FB = 25 – 10x4 = -15 kN;

FC-left = -15 kN;

FC-right = 25 – 40 + 35 = 20 kN;

FD-left = 20 kN;

FD-right = 20 – 20 = 0;

The values of shear force are plotted in SFD in figure 5-4(b)

Bending Moment Calculations

MA = 0;

MB = 25x4 – 10x4x2 = 20 kNm;

MC = 25x8 –10x4x6 = – 40 kNm;

The values of bending moment are plotted in BMD in figure 5-4(b) Figure 5-4(b)

Maximum +ve bending moment will occur at the point of zero shear force, which can be easily calculated by using the property of similar triangles of shear force diagram between A and B as given below;

25/x = 15/(4–x);

Which gives x = 2.5 m;

Therefore maximum +ve bending moment will occur at x = 2.5 m;

Mmax (+ve) = 25x2.5 – 10x(2.5)x(2.5/2) =  31.25 kNm

and Mmax (–ve) = – 40 kNm; at point C.

It is evident from the bending moment diagram that there is a point, at which the bending moment is equal to zero. Such a point having different nature of bending moment on its two sides (left and right) is known as point of contra-flexure.

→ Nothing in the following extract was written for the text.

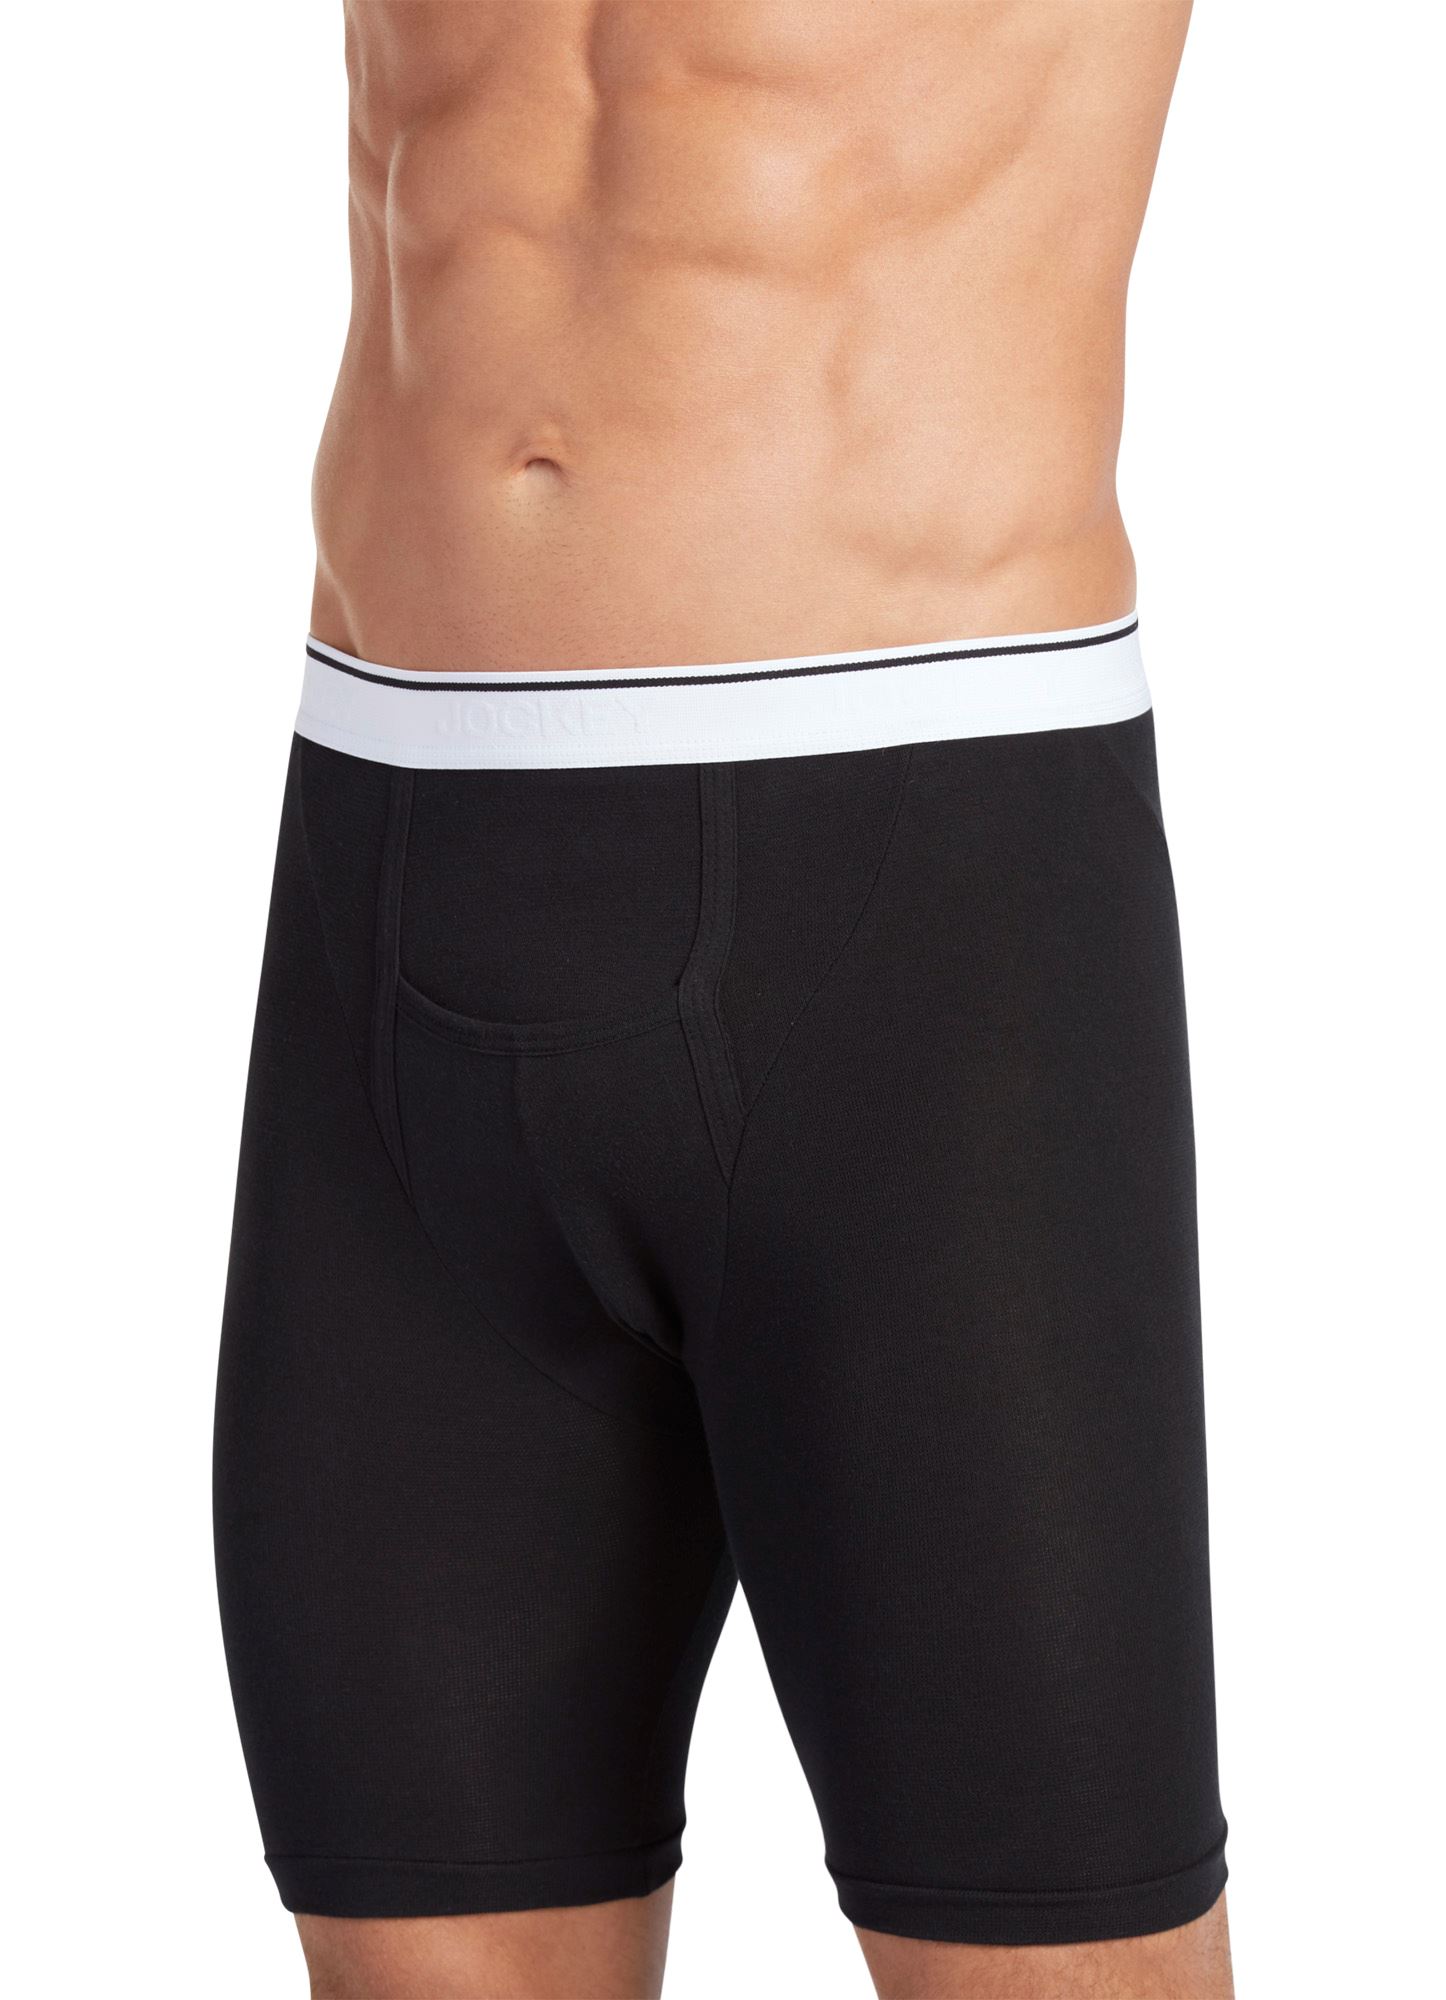 Buy Jockey Men's Underwear Supersoft Modal Brief - 2 Pack Online at  desertcartSeychelles

Point of contra-flexure can be determined by writing the equation of BM for part BC and put it equal to zero;

Mx= 25x – 10*4(x–2) = 0;      x= 5.33 from A.

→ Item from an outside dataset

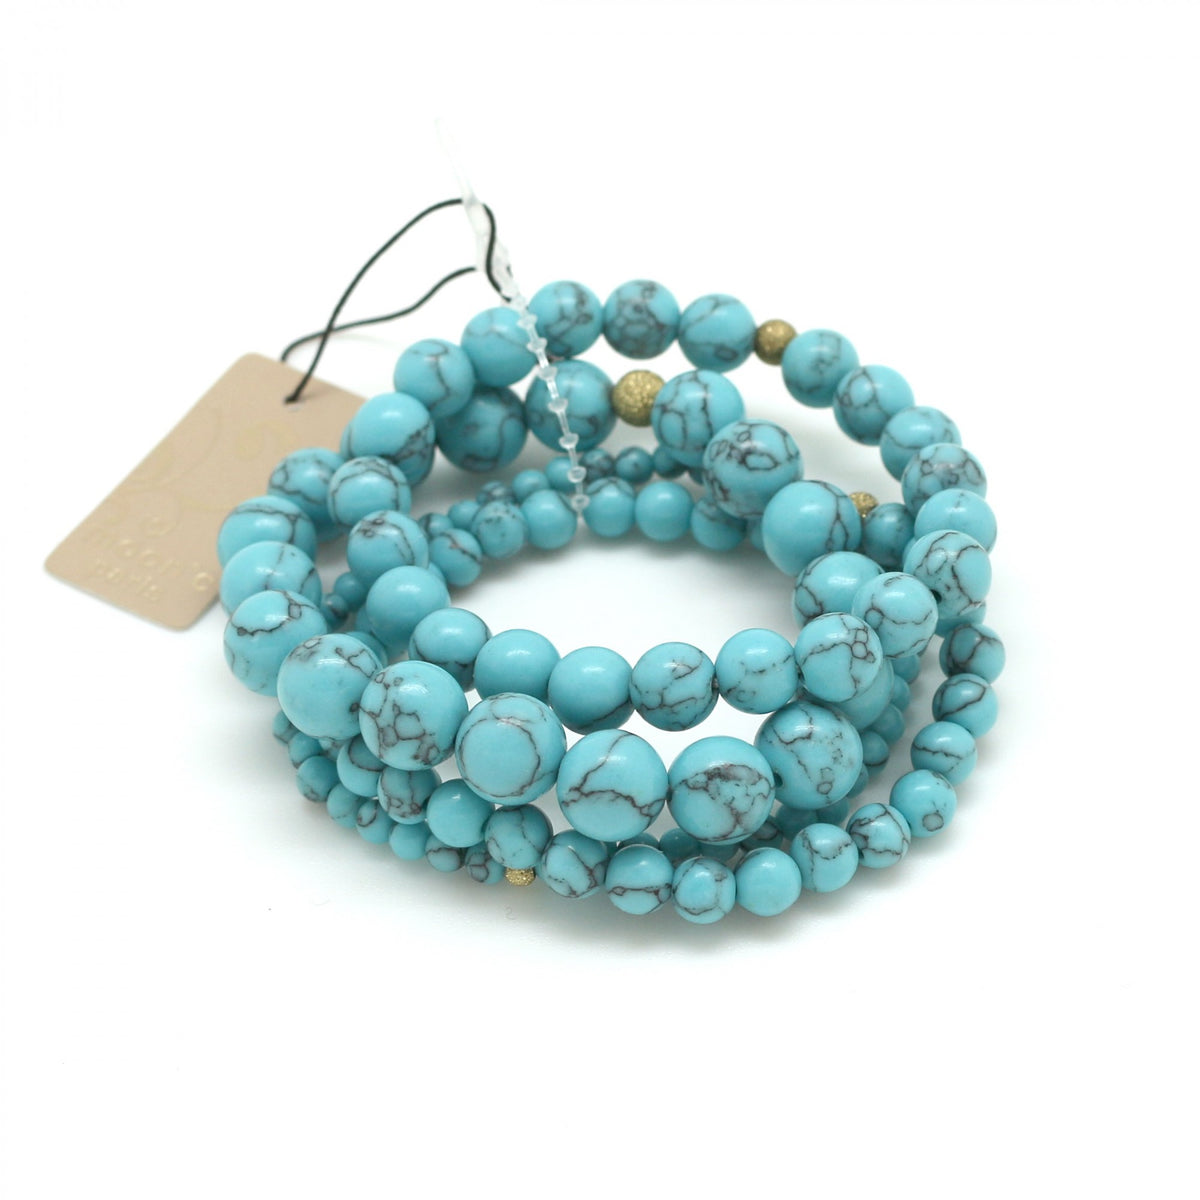 4 Turquoise bracelets “INNER STRENGTH”

It can also be determined by considering the diagram between B and C and using the property of similar triangles;

40/a = 20/(4–a);

Which gives; a = 2.67m;

i.e., the point of contra-flexure is at a distance of  2.67 m from support C. This information will be helpful in providing rebars in case of reinforced concrete beams.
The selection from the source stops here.